- WHAT THIS TASK INVOLVES
In your copy of the data, include no pictures and alter nothing else.

- THE DATA
_ _ _ _
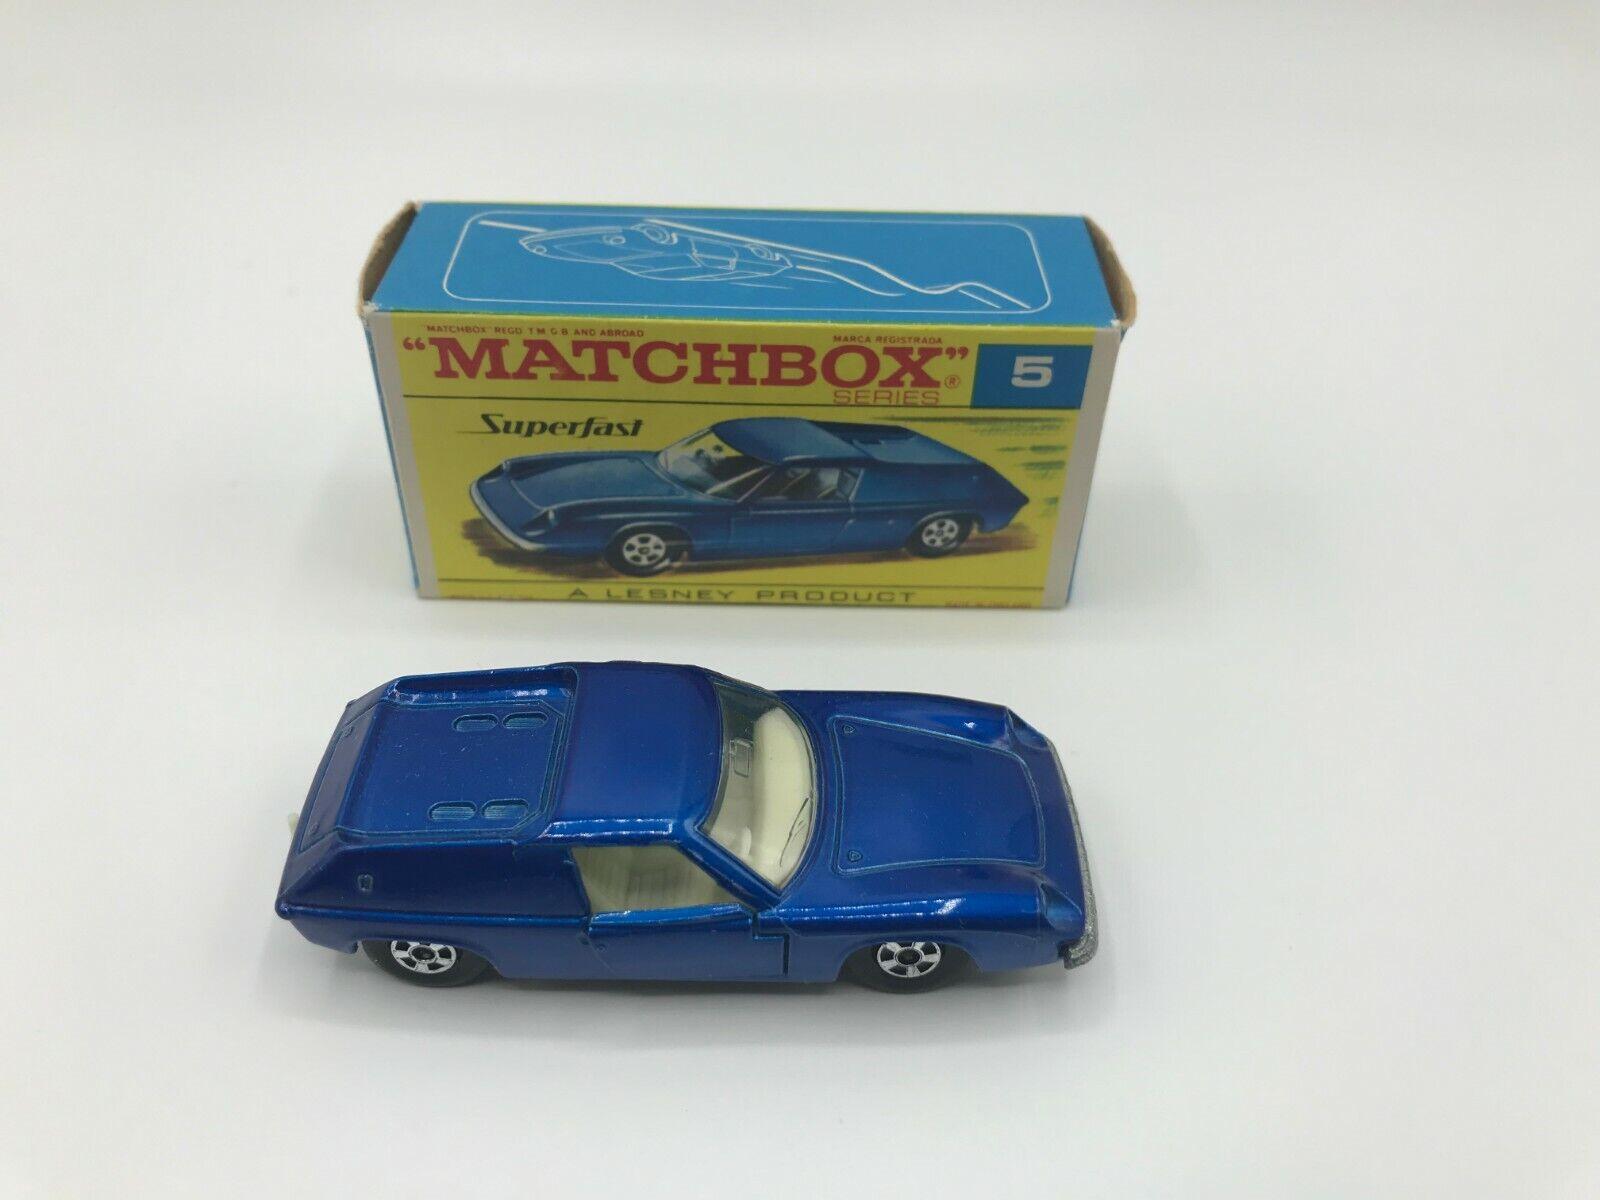 Matchbox Superfast Lotus Europa  5 In Dark Blau Metallic Mint In Original G2 Box
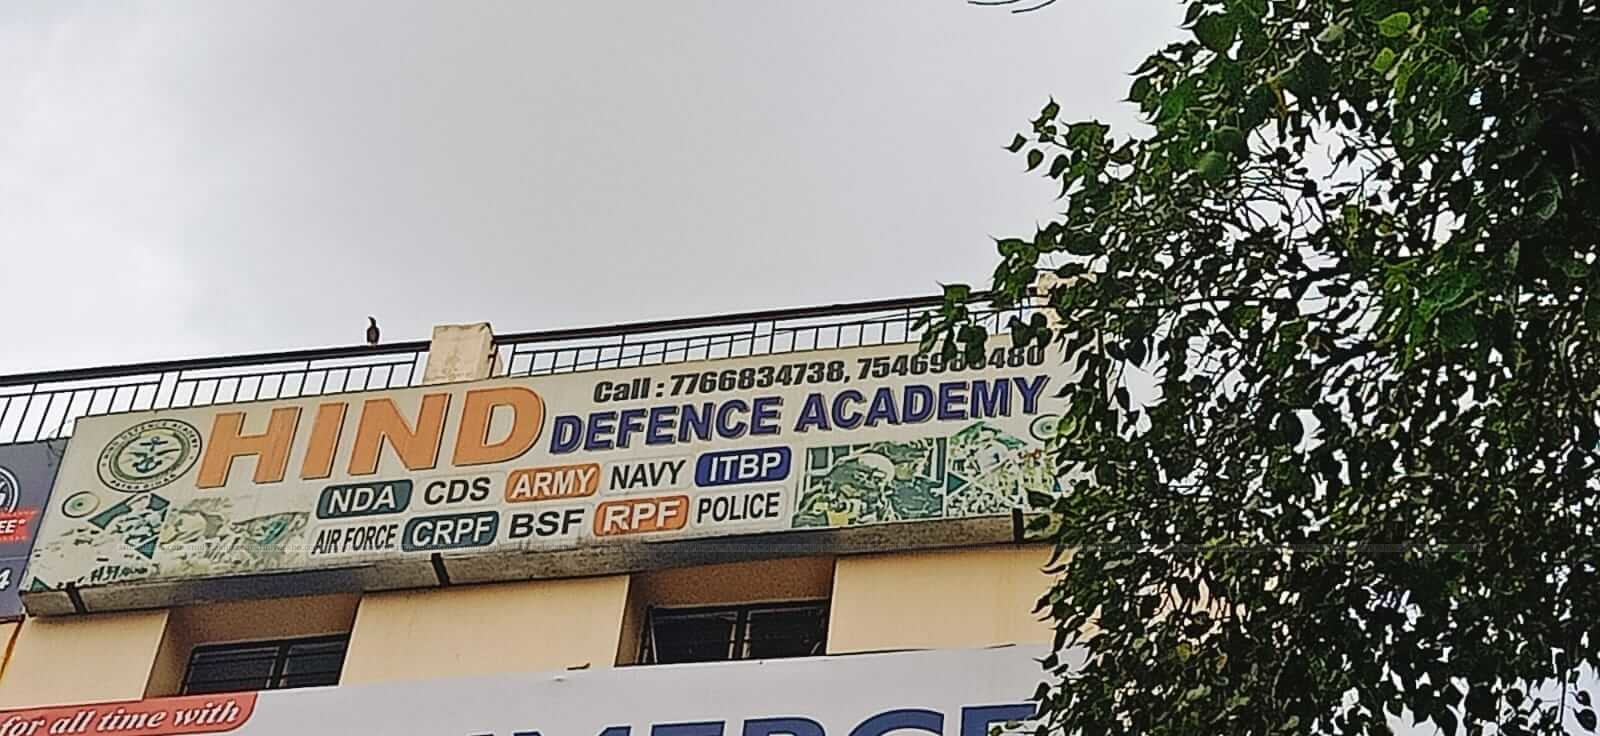 HIND DEFENCE ACADEMY Logo
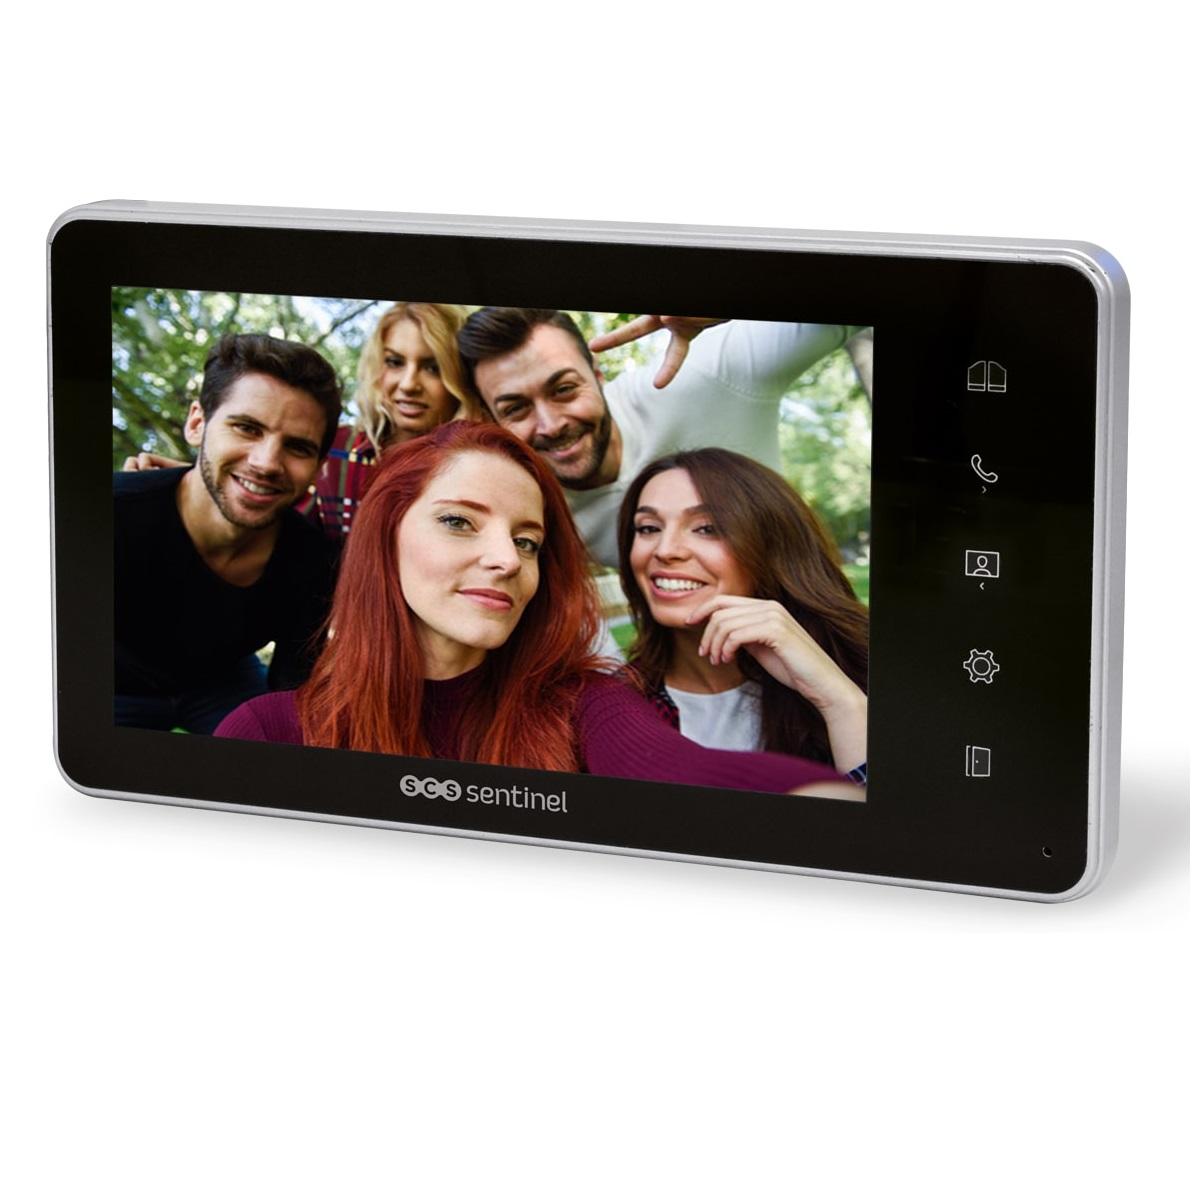 Monitor suplimentar pentru interfon SCS Sentinel VisioKit 7, Display 7 inch TFT LCD, 10 Melodii imagine case-smart.ro 2021
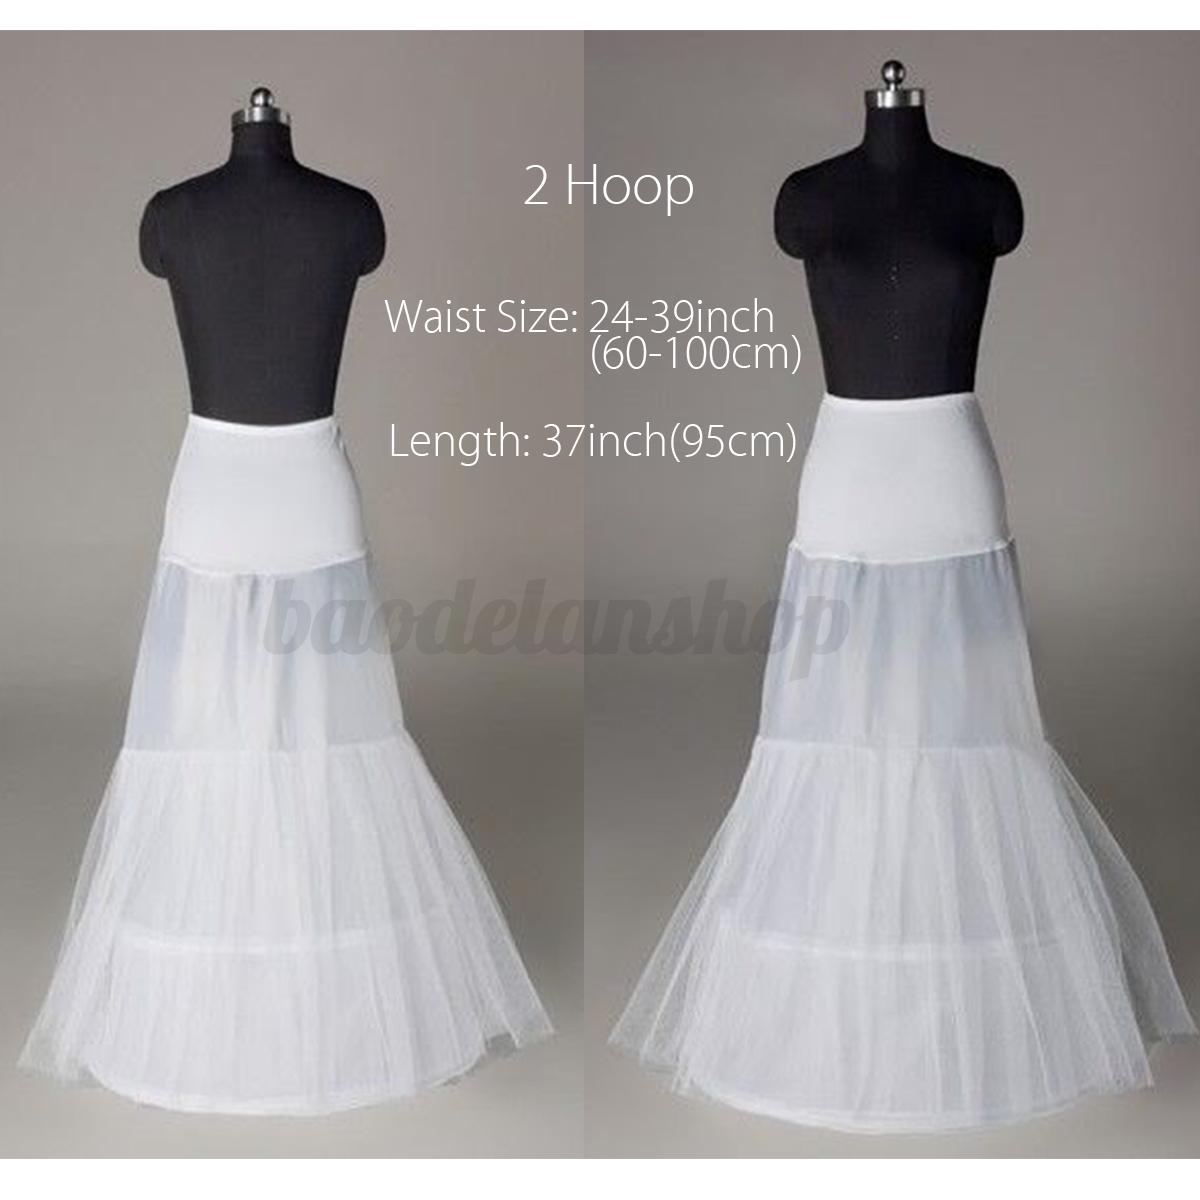 5-Style-Blanc-Jupon-Crinoline-Mariage-Robe-De-Mariee-Soiree-Petticoat-Femme-Mode
_ _ _ _
- RESULT OF THE EXERCISE
 Matchbox Superfast Lotus Europa  5 In Dark Blau Metallic Mint In Original G2 Box
 HIND DEFENCE ACADEMY Logo
 Monitor suplimentar pentru interfon SCS Sentinel VisioKit 7, Display 7 inch TFT LCD, 10 Melodii imagine case-smart.ro 2021
 5-Style-Blanc-Jupon-Crinoline-Mariage-Robe-De-Mariee-Soiree-Petticoat-Femme-Mode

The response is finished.